Welcome! You are listening to the SETimes Podcast, this week with Zeljana Grubisic.
Wild landfill sites are plentiful in Serbia -- even existing in populated places. The ministry of environment found a unique way of tackling this environmental problem. Bojana Milovanovic reports for Southeast European Times in Belgrade.
For the second consecutive year, Serbia marked World Environment Day on on June 5th by organizing an action dubbed "Big Cleaning of Serbia". This year, 270,000 volunteers removed waste and cleaned landfills from 3,000 locations in 169 municipalities.
Citizens reported the problem locations. Serbia's tennis champion, Novak Djokovic, took to promoting the action, encouraging many to get up early, roll up their sleeves and spend the weekend cleaning Serbia.
Ivana Stevic, 18, from Belgrade explained her involvement.
"I’m taking part because I want to help my city and I was interested because Novak Djokovic promoted this action. In a way, he has helped Serbia improve and this is how we can return the favor. This is the first time I'm involved and I didn't find it difficult either to get up early or help as much as I can. Several of my friends are also participating in the action -- we're a team and maybe that's why it's easier for me, I'm not alone."
Some, like Arsa Vucicevic, 34, think that raising awareness about the environment is important.

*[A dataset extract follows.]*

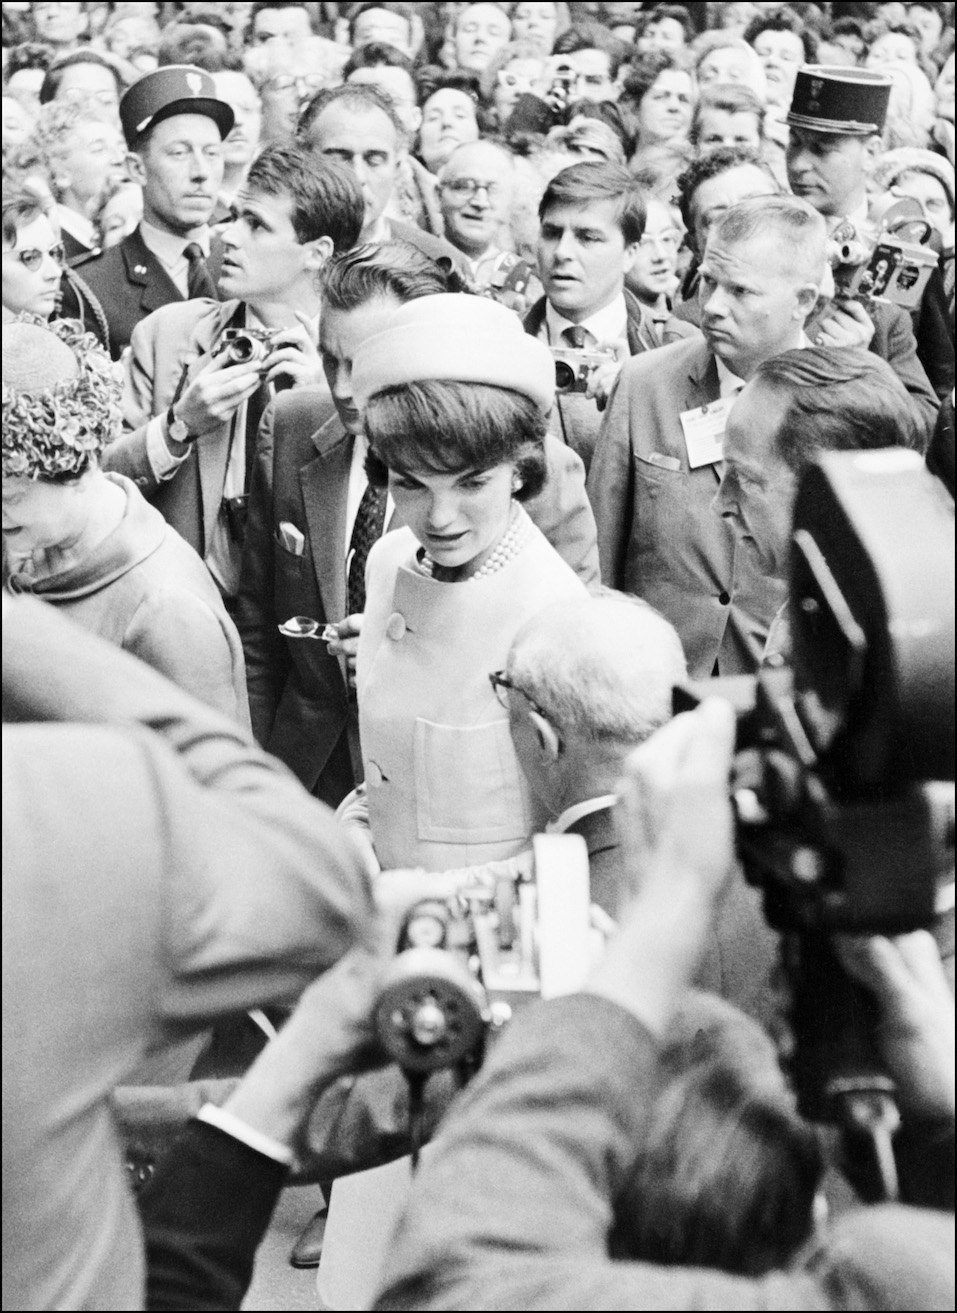 US First Lady, Jacqueline Kennedy is greeted by the crowd during her visit in Paris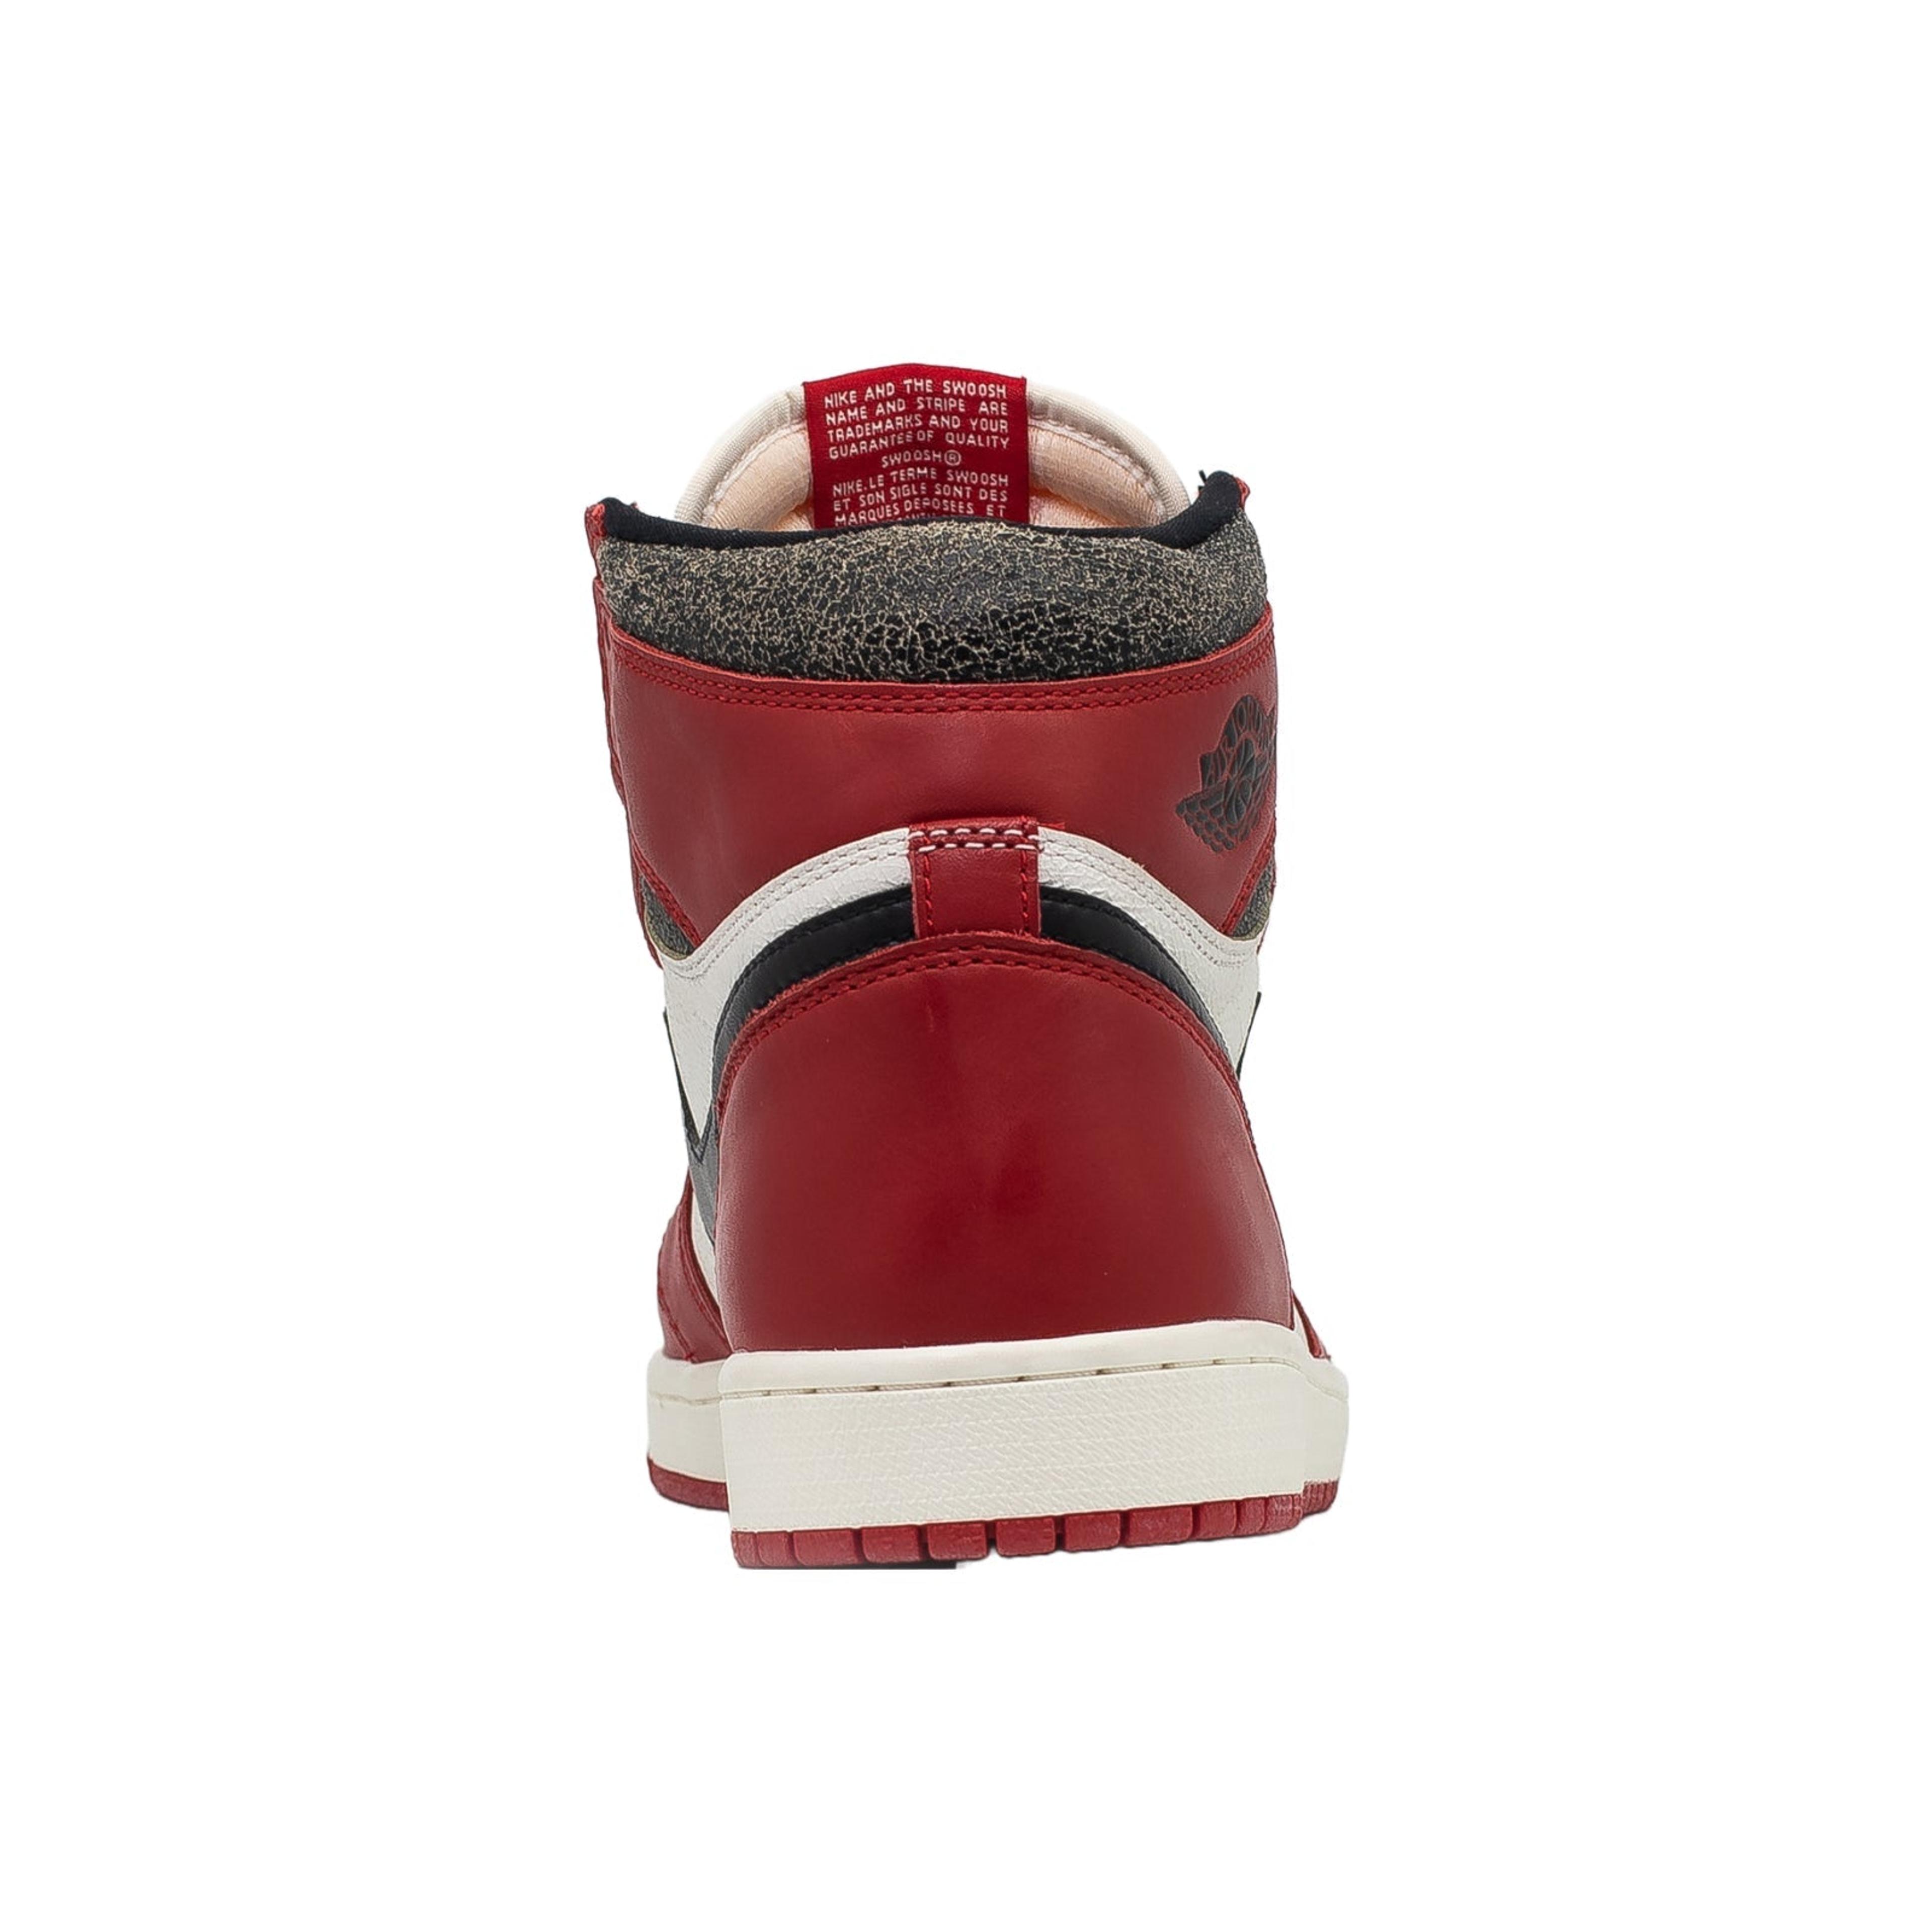 Alternate View 3 of Air Jordan 1 High, Chicago Lost and Found

"I'm participating in this action, because I want to change the way our nation thinks about pollution and waste removal. The accumulation of waste in inappropriate places also leads to severe diseases. My personal motivation is to make the part of town I live in look better and waste-free. This is not the first time I take part; I did this last year as well. I think one of the most important novelties introduced by the environment ministry is this day we devote to cleaning Serbia, trying to bring focus to the fact that Serbia must and can look better."
State officials, like Environment Minister Oliver Dulic and Education Minister Zarko Obradovic, did not conceal their satisfaction with the success of the action and volunteer response.
"The cleaning action has begun on several thousand locations in the country, in all municipalities. The response is great; there are volunteers here today who applied for the action on their own and who love their country. I hope that after this action Serbia will be the cleanest it has been in decades and that this action will become a tradition. Numerous public figures, NGOs and socially responsible companies that mean a lot to this country are taking part in the action."
Education Minister Zarko Obradovic believes the youngest participants are the most important part of the action.
"We in the education sector must teach the children about the importance of clean nature and of living in that clean nature. This will not be a one-time action; this should be part of the education system and a part of life. At the beginning of the next school year we plan to give first to fourth graders an environmental text book, to help them understand the importance of healthy living and healthy nature, as well as their role in it."
This has been the Southeast European Times podcast for the week ending June 23rd, 2011.